# Any LBS with a good wheelbuilder around San Jose?



## Pierre (Jan 29, 2004)

I'm rebuilding a wheel with a new rim, I put everything in place but looking for somebody to tension the wheel for me.

Do you have a good experience with a LBS building a wheel for you? I'm interested. Not interested if this was just some self-proclaimed pro-mechanic who just changed a spoke and didn't even balance or stress-relieve the wheel. Thanks!


----------



## ebnash (Aug 20, 2007)

Rob @ Calabazas Cyclery in West San Jose. He is the owner of the shop and an ex BMX racer and current Downhill racer. He has built 3 sets of wheels for me, Mountain and Road and I have never had an issue.

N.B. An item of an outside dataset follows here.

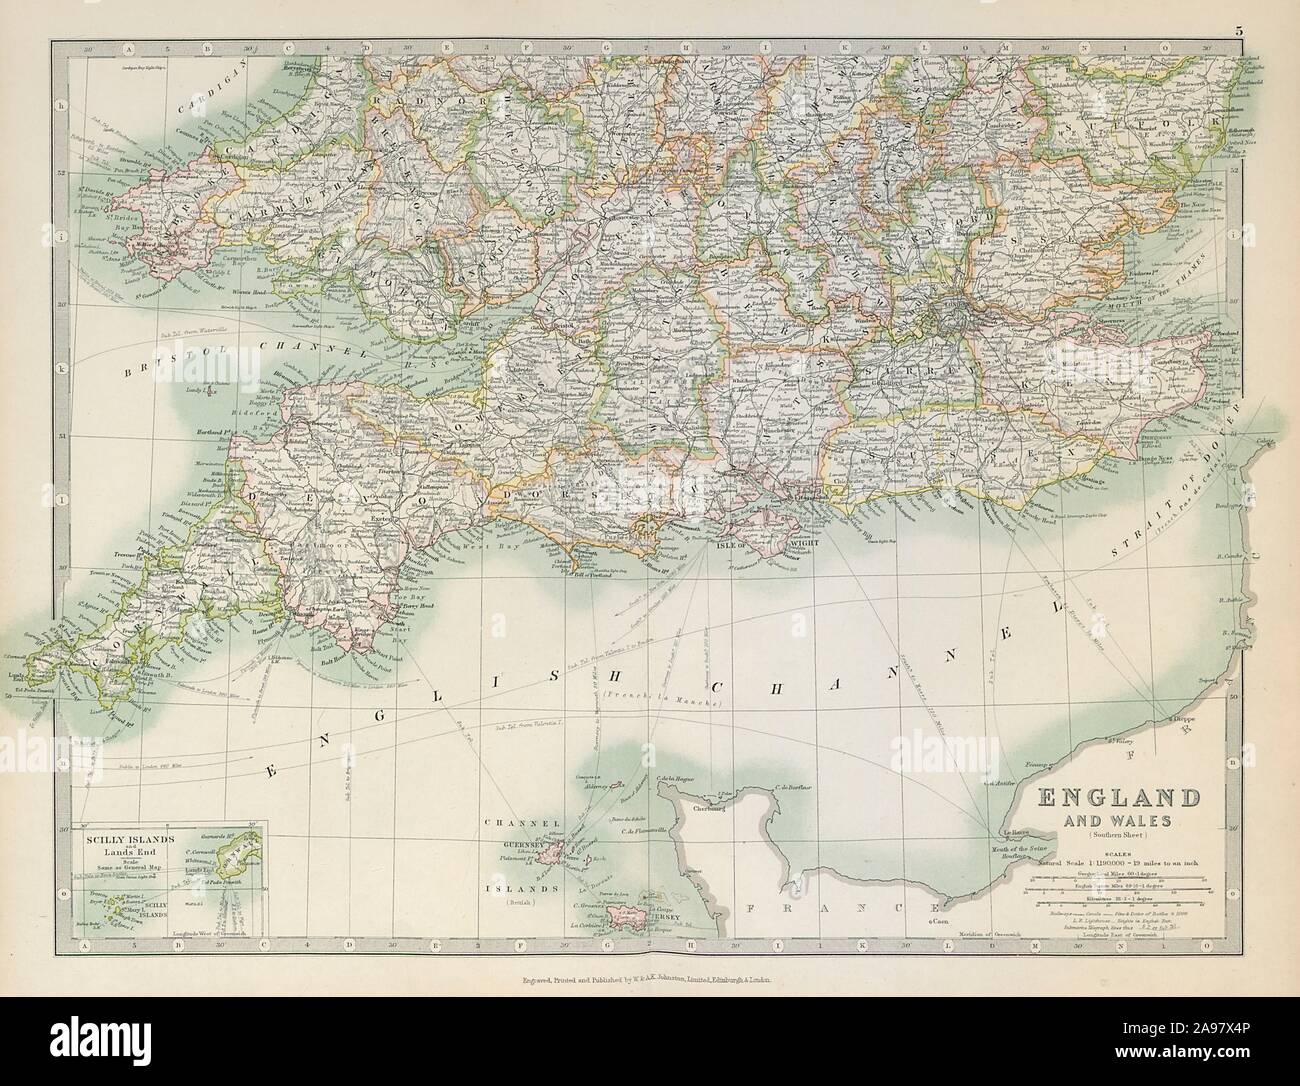 SOUTHERN ENGLAND & WALES. Shows Worcestershire enclaves. JOHNSTON 1915 old map Stock Photo
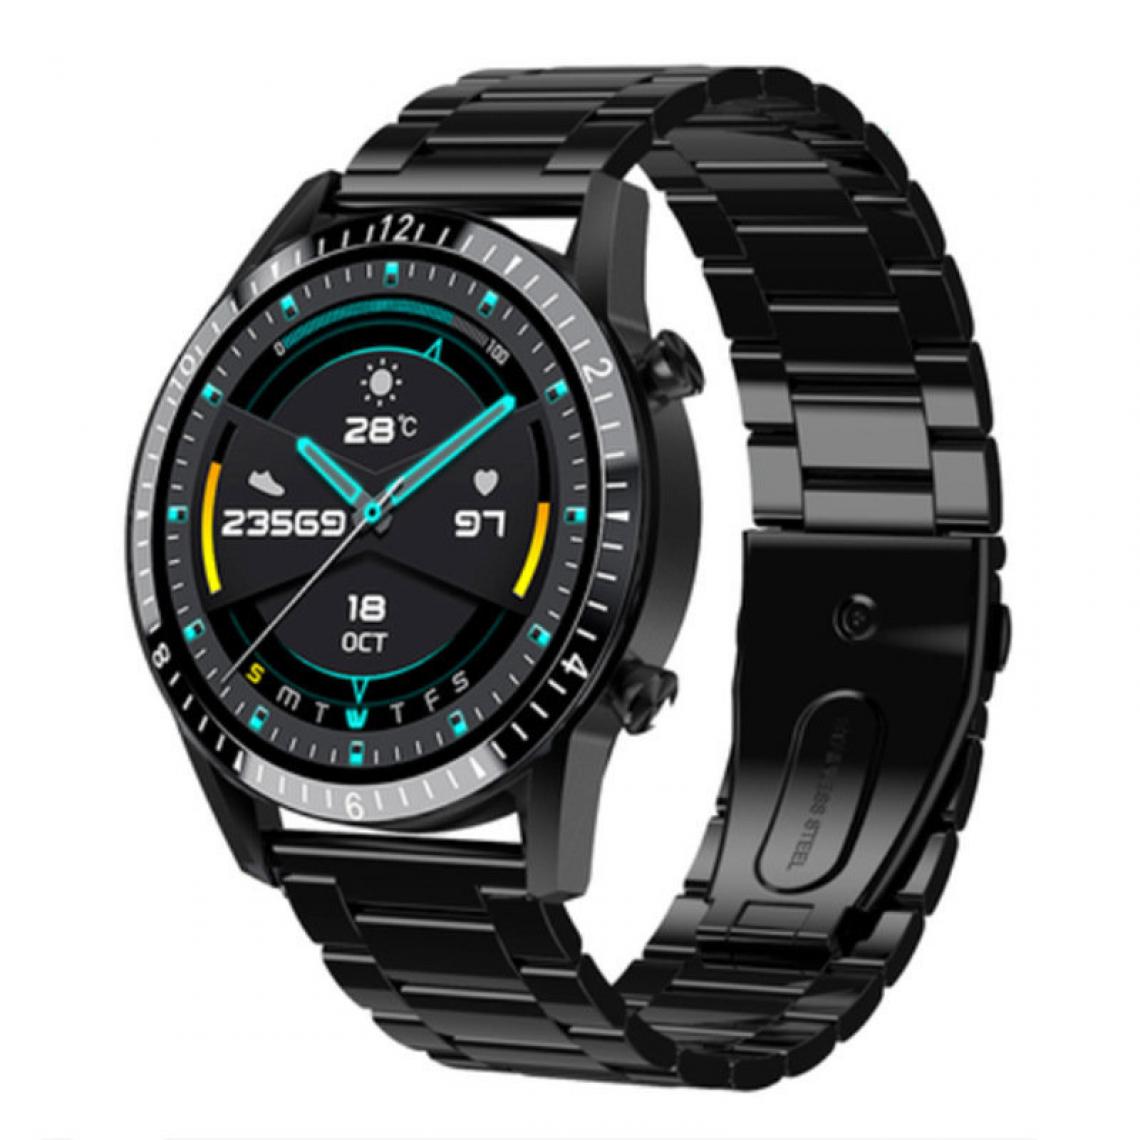 Chronotech Montres - Men's Connected Watch Smartwatch with Waterproof IP67 / Watch Phone / Sleep / Fitness Tracker / Pedometer, 10 Sport Modes for iOS / Android(black) - Montre connectée

The road wheels he built for went for 1000's of miles before I sold the bike and never needed to be trued or tensioned again. Wheelbuilding is his passion and his work shows it...

Give him a call... I have been dealing with him and his dad for 16+ years.


----------



## equed (May 16, 2006)

Although they are not local, Wheelbuilder.com is worth a look. Expert service and great customer care. Huge fan.


----------



## Winters (Dec 4, 2011)

Does Palo Alto Bicycles still have that 5 ton wheel truing thingy in their shop ?

If so, it's worth the visit just to see the shop ....


----------